=== RECORD SET ===
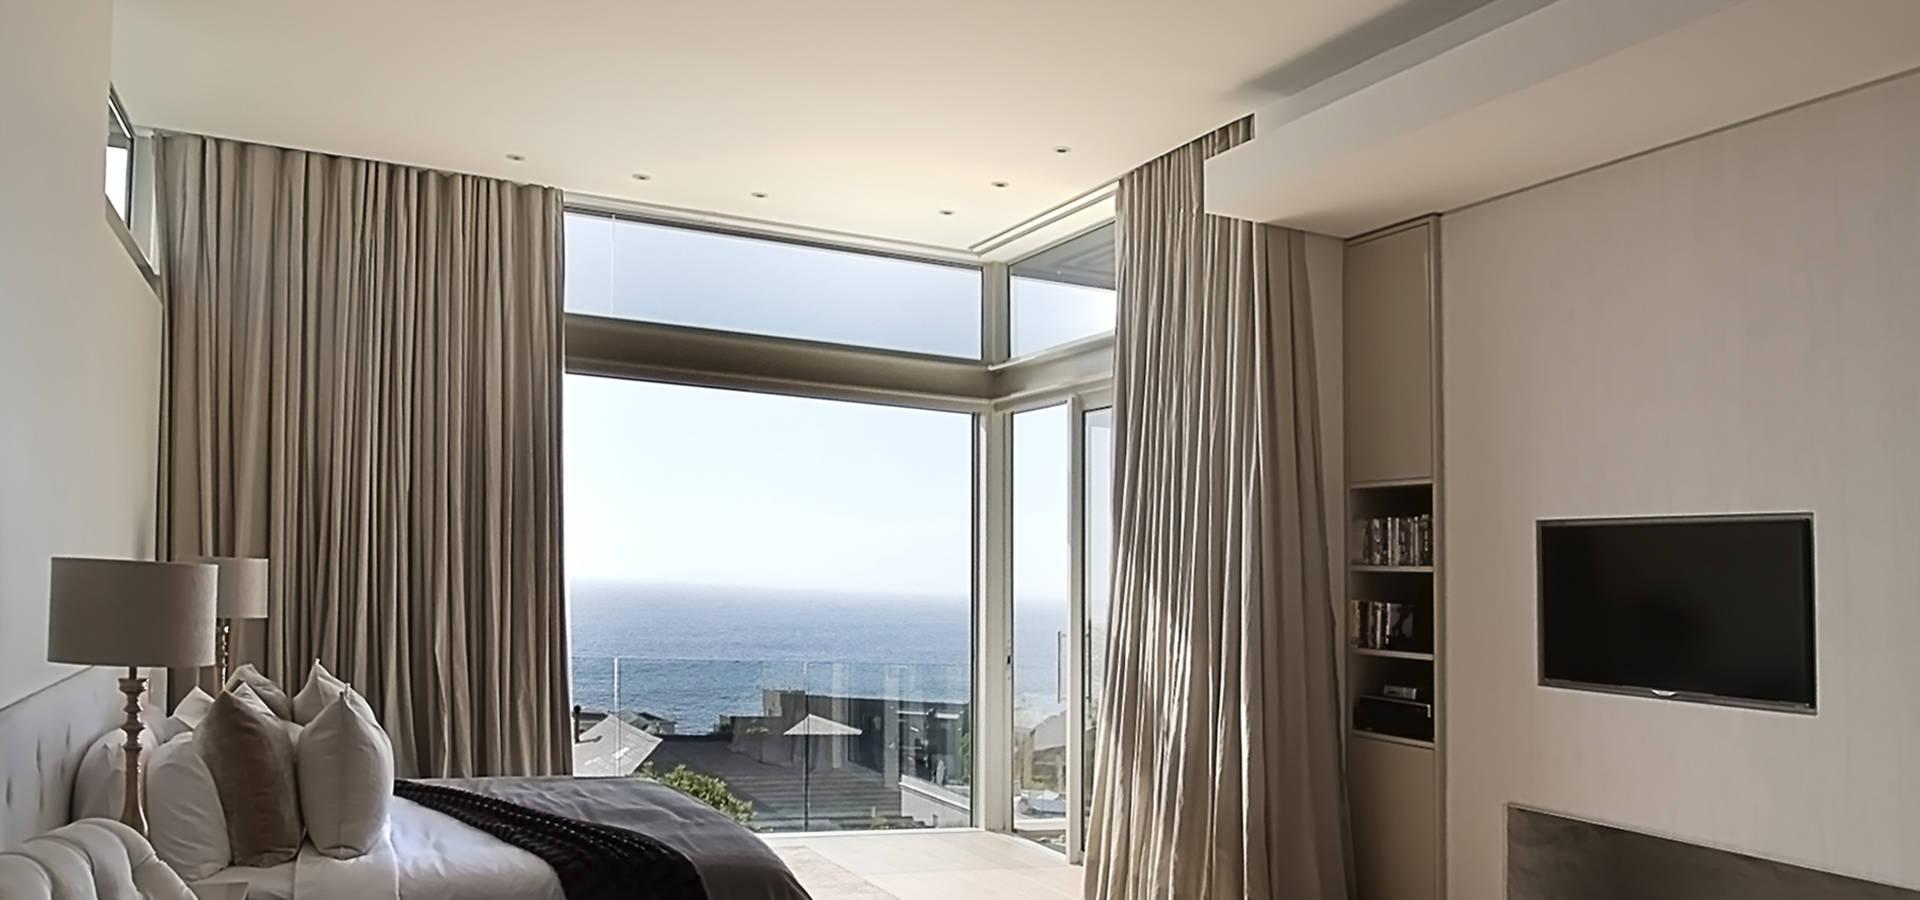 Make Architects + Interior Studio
===
=== RECORD SET ===
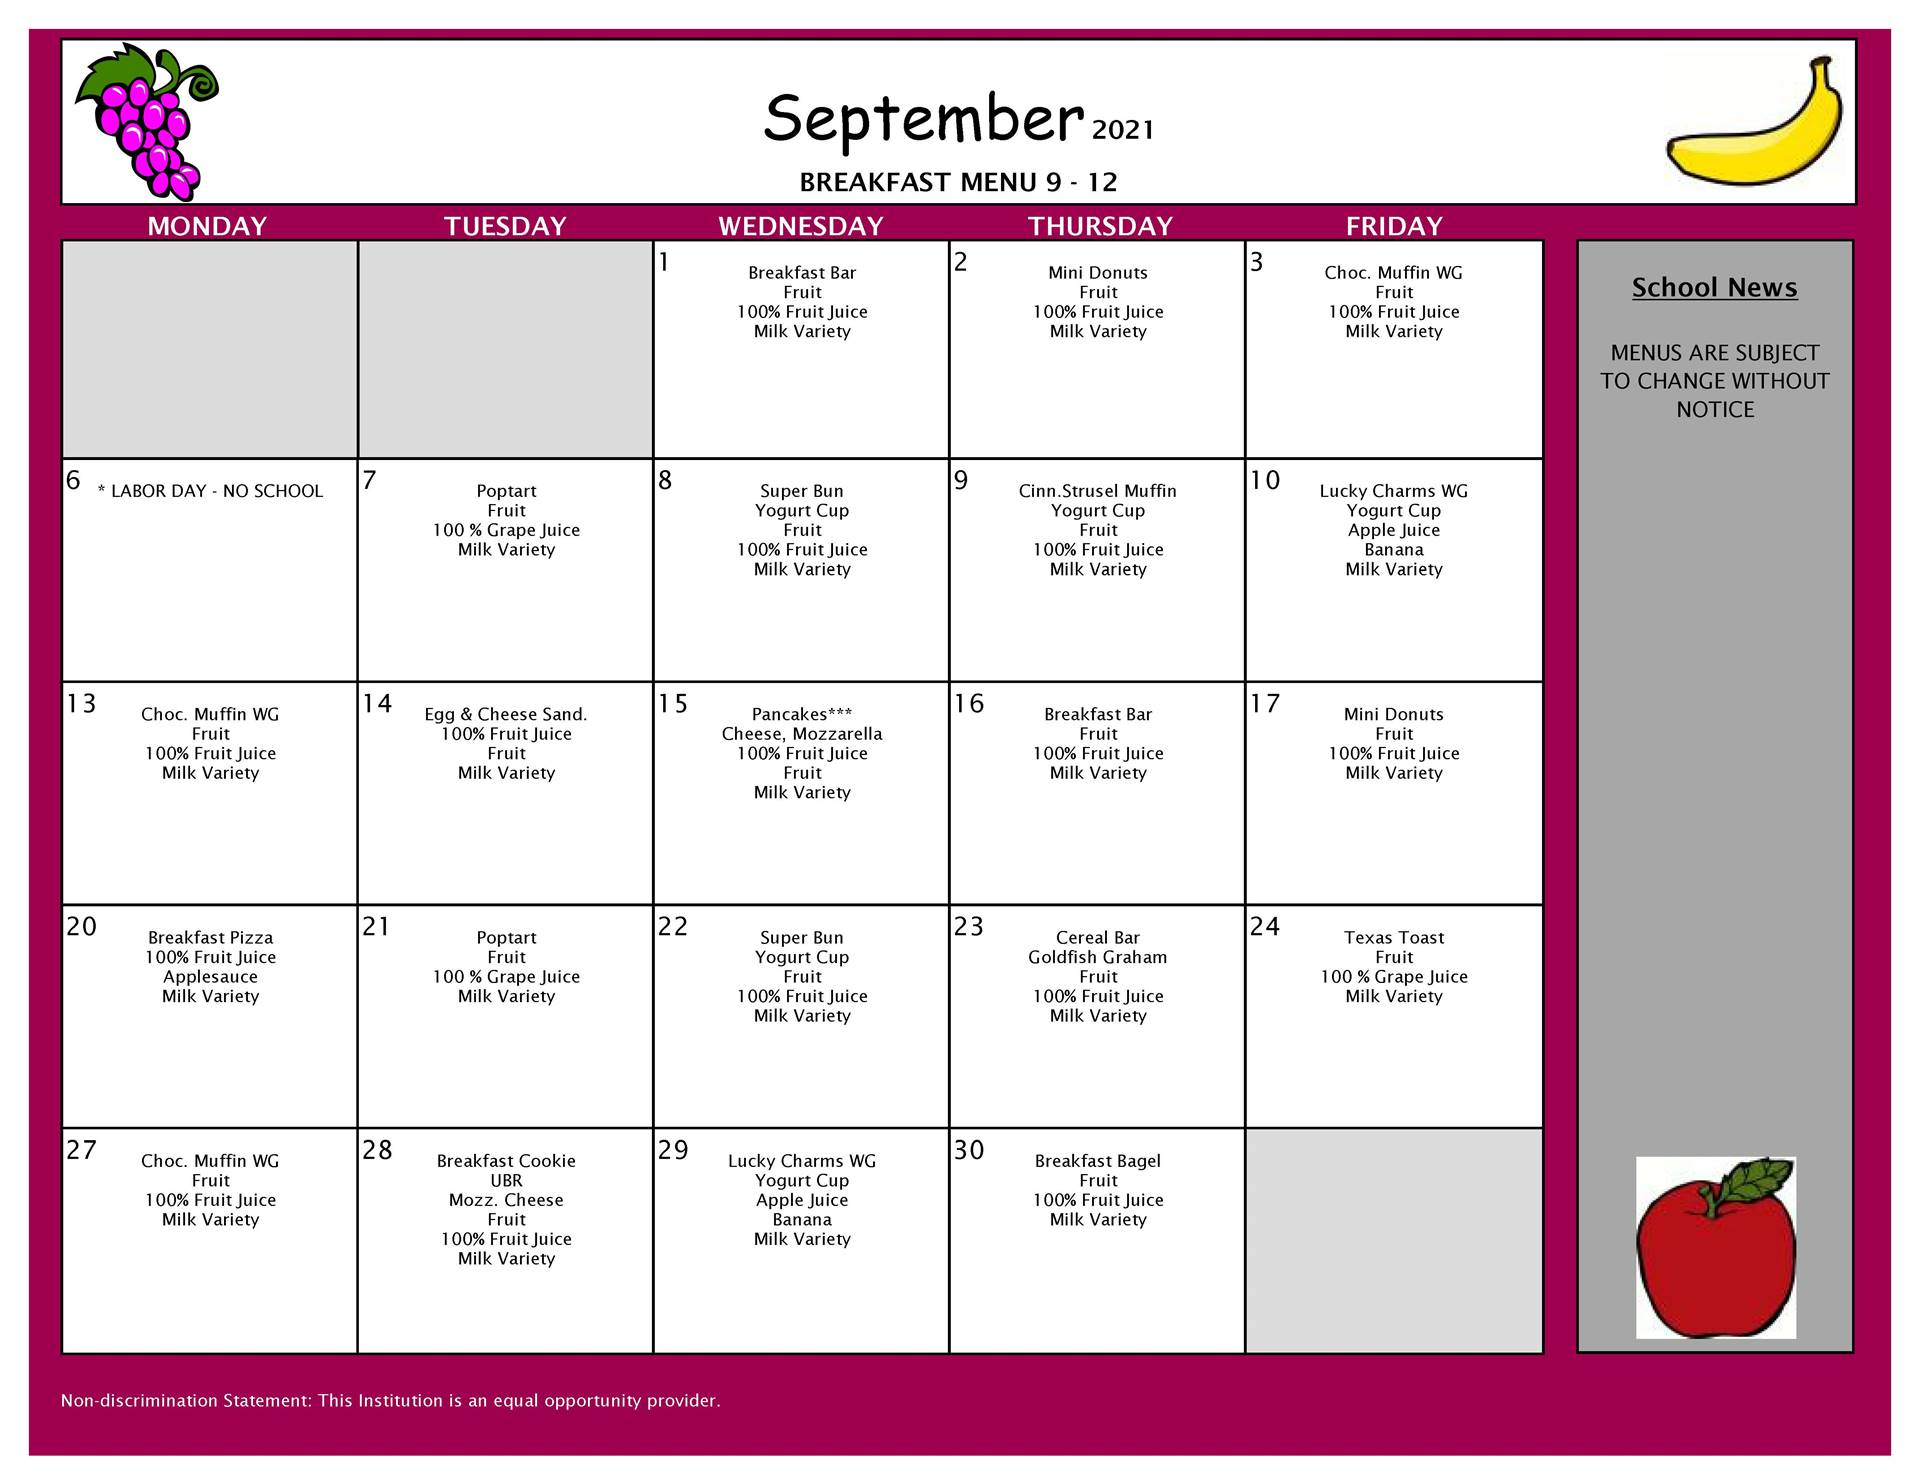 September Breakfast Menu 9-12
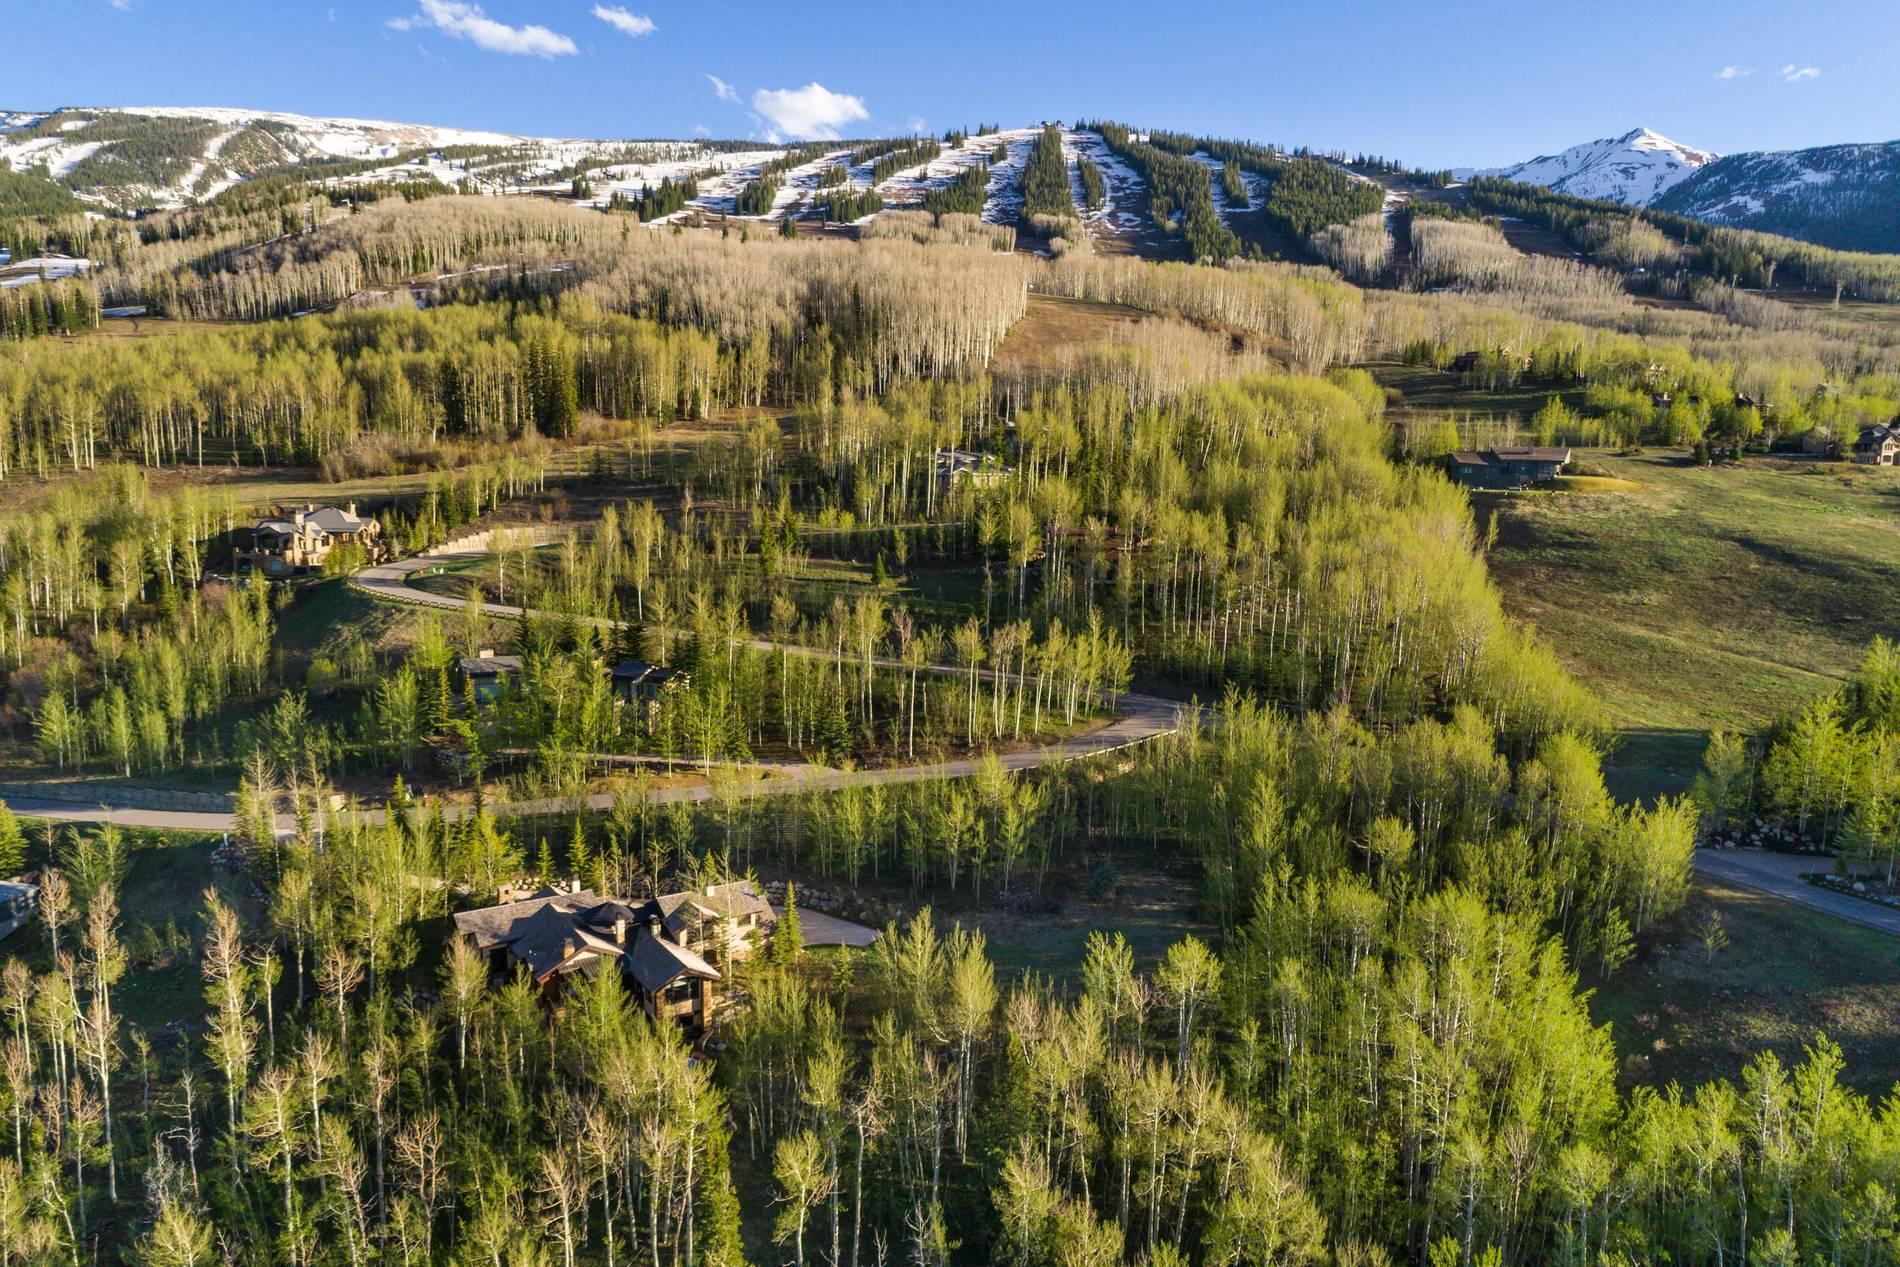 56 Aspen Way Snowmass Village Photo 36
===
WHAT TO PRODUCE ▸ With the pictures omitted, print the lines above exactly, beginning at the line with "September Breakfast Menu 9-12" and going on through the line with "56 Aspen Way Snowmass Village Photo 36".

SOLUTION TO THIS EXERCISE ▸
 September Breakfast Menu 9-12
 56 Aspen Way Snowmass Village Photo 36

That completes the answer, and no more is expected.